Stories with a Moral Blueprint – part 3 of 8

Trust is the story of not doing what you could get away with, because you care about someone other than yourself.

Trust is the story of not doing what you could get away with, because you care about someone other than yourself.

 

Trustworthiness as Competitive Advantage

If morals need stories to thrive, it might also be true that stories need morals to thrive. Technically the stories you tell do not require moral intentions. Yet practical experience teaches us that few of the stories we cherish could possibly be classified as amoral. A story may not portray your preferred morals, but all stories, at least the interesting ones, embed moral lessons by correlating certain behaviors with consequences. It is hard to tell stories that reward faith in positive consequences like freedom, justice, and trust without exposing the truth that economic reasoning will never be equipped to achieve these kinds of subjective goals.

Few, if any, Hollywood blockbusters could demand our attention without portraying some kind of moral conflict between good and evil. Marvel’s 2018 movie Black Panther reinforces a similar moral lesson to the one Seuss teaches in The Cat in the Hat when the king decides to risk the danger of revealing his kingdom’s extravagant resources in order to clean up global messes. Disaster movies present one moral dilemma after another. Even the stories about characters who don’t know how to clean up their own messes (Thank you, Quentin Tarantino) deliver a moral lesson about the consequences of leaving messes for others.

Brian Boyd makes a strong case that storytelling is a survival mechanism in his book On the Origin of Stories, stating that humans have a “natural appetite” for information, “especially for pattern, and information that falls into meaningful arrays from which we can make rich inferences.” Stories pass along behavioral information that is just as important to our survival as the information passed along in our DNA.

Stories that stress mutual success might be more important now than they ever have been. The suicide rate for Americans is up 30 percent since 2000. Globally, suicide rates are up 60 percent over the past fifty years. According to the most recent Edelman Trust Barometer, the United States shows a “shattering loss of trust” that is the “steepest most dramatic decline in trust ever measured since the barometer began in 2000.” Over two thirds of the markets measured by Edelman Trust Barometer indicate trust levels below 50 percent.

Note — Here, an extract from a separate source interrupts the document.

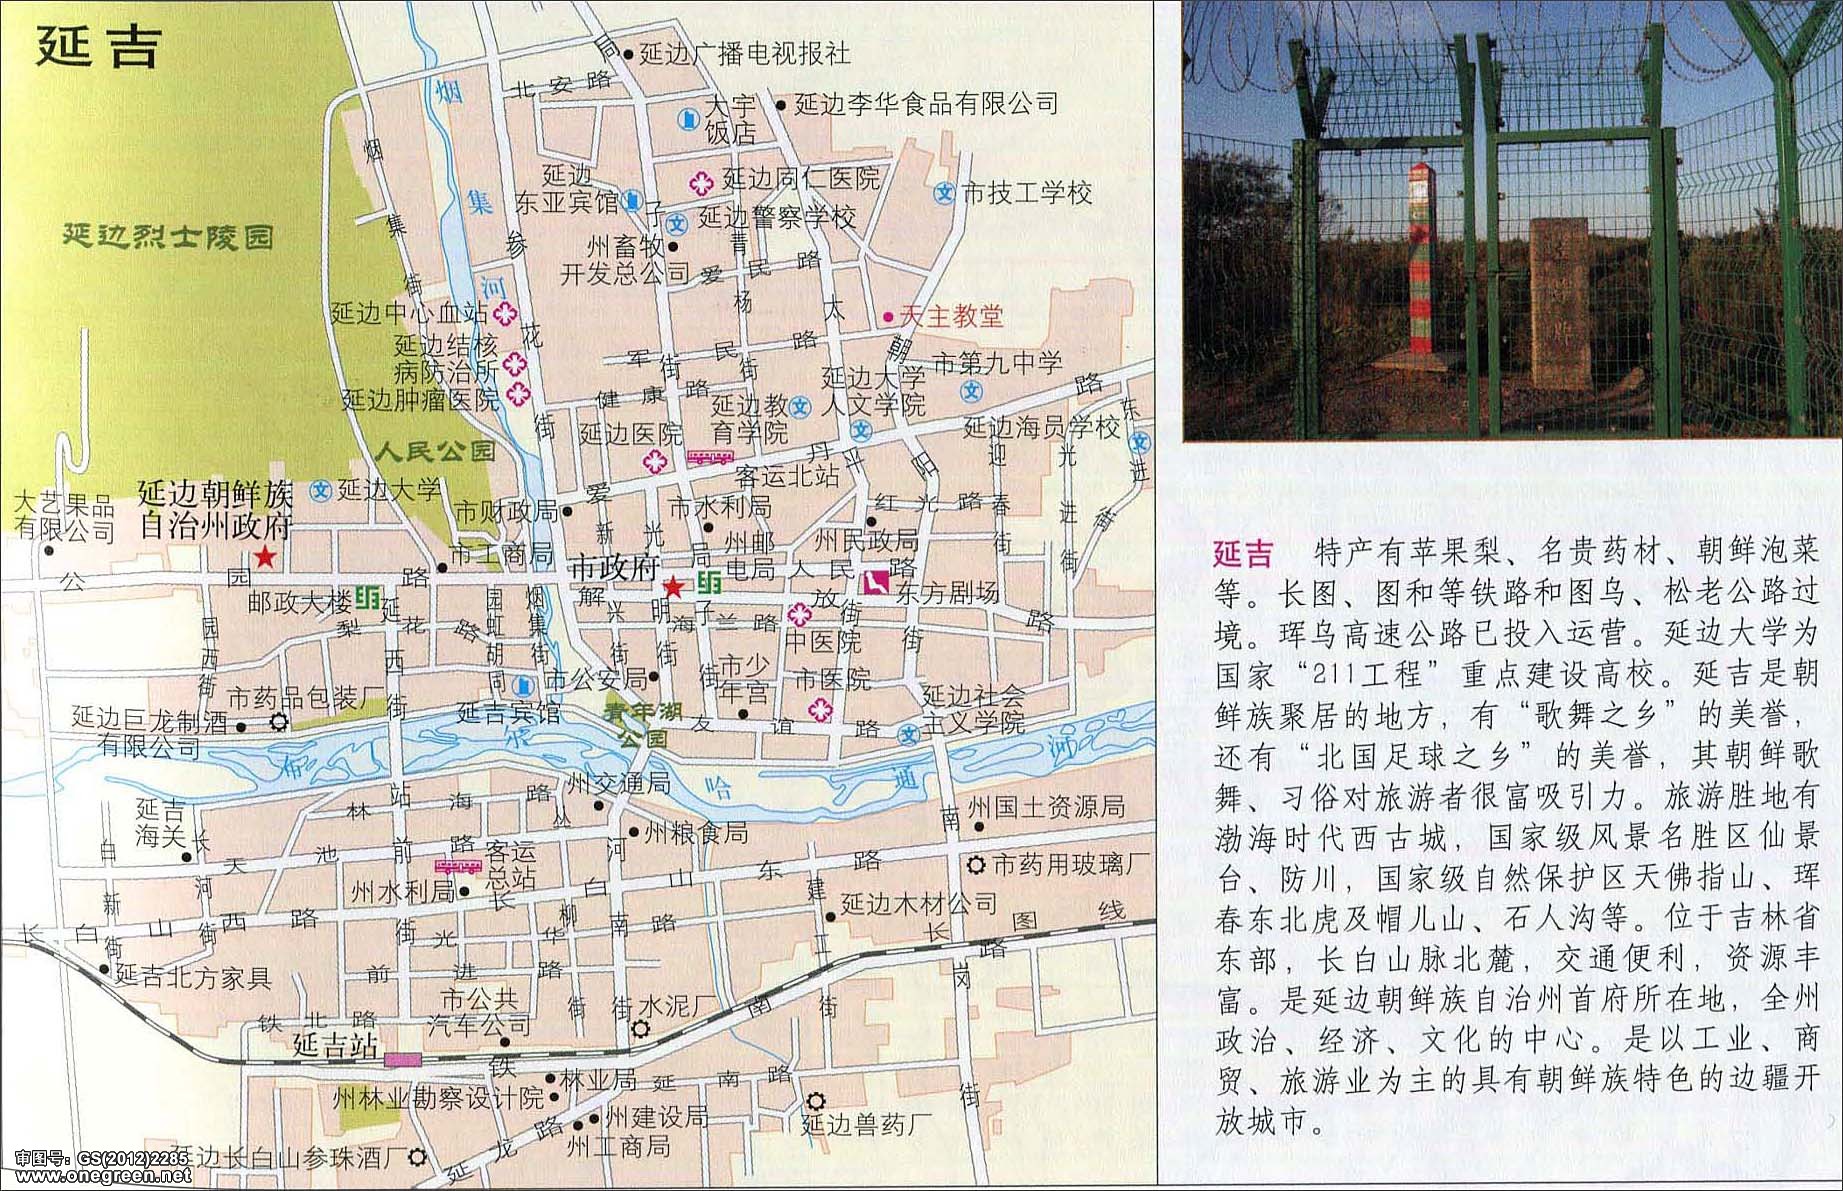 世界各国 | 中国各地 | 返回首页 栏目导航:长春  白山  吉林市  四平图片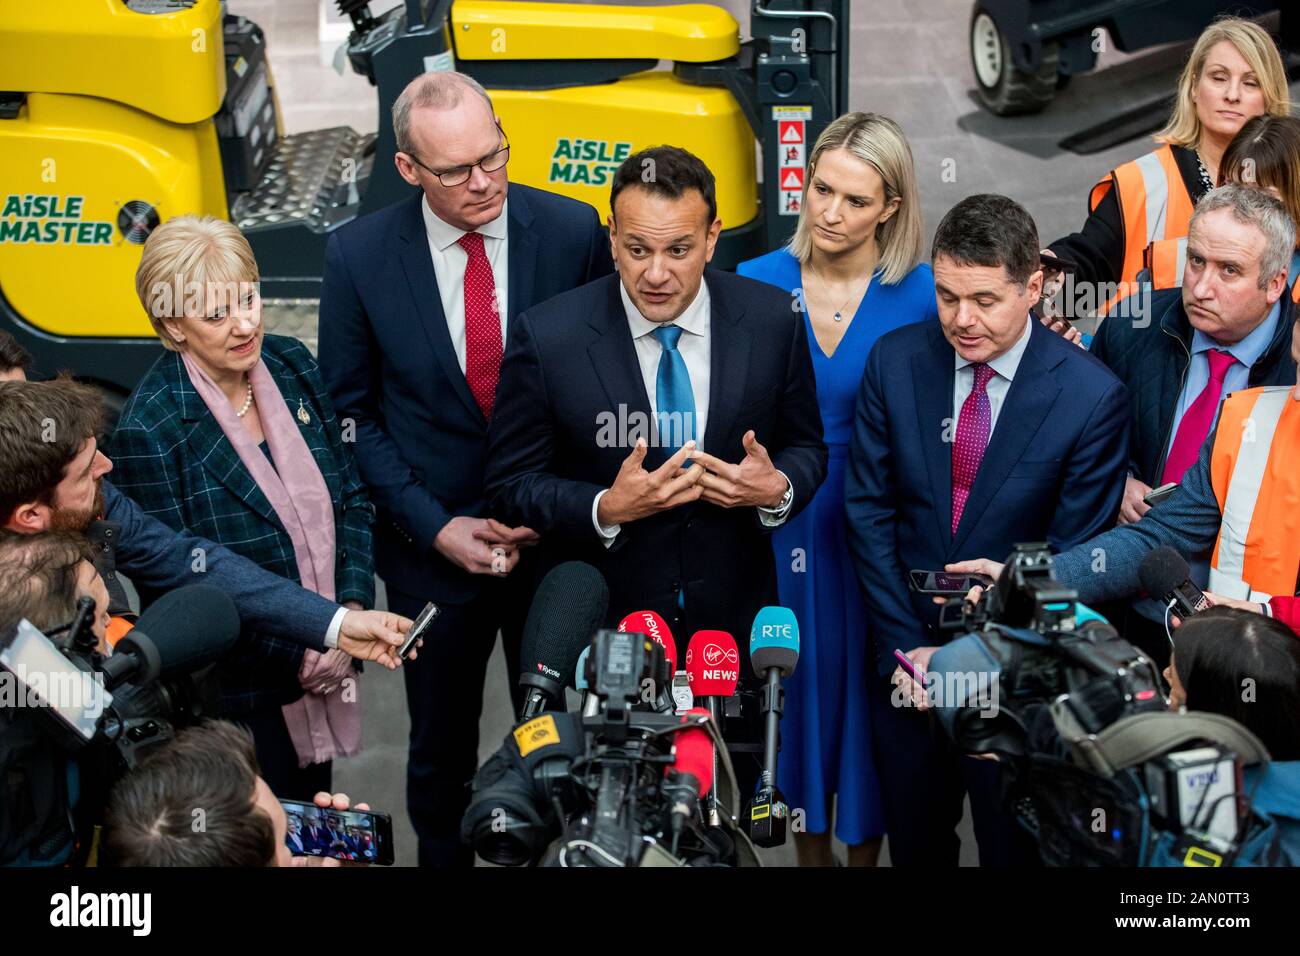 Taoiseach Leo Varadkar (centro) rispondere alle domande dei media durante una fotocellula a Combilift ad Annahagh, Co. Monaghan per lanciare la campagna elettorale generale fine Gael. Foto Stock

There has to be a reason that “biology turns loneliness into a disease,” according to UCLA professor Steve Cole, who studies the effects of loneliness at the molecular level. The physical costs of isolation for adults is said to be a 25 percent increase in mortality that translates to AARP’s estimate of $6.7 billion annually in extra Medicare expenditures. “Me first” stories aren’t inherently bad, but a tsunami of “me first” stories leads to an erosion of trust when “me first” stories begin to replace “all for one, one for all” stories.

Social media systems designed to siphon off social trust to achieve short-term economic goals surely diminish the trust left over to achieve noneconomic goals, like sustaining faith in our fellow humans. The decision to trust corporate platforms with the care and maintenance of our social connections have revealed the dangers of this misplaced trust. We don’t trust friends who tell our secrets, and yet we temporarily trusted commercial interests that not only told but sold our secrets. Trust in Facebook dropped from 79 percent to 27 percent after customers learned the social platform ignored reports that Cambridge Analytica did not observe consent requirements before harvesting and exploiting the personal data of millions so they could pursue questionable political agendas using coercive stories.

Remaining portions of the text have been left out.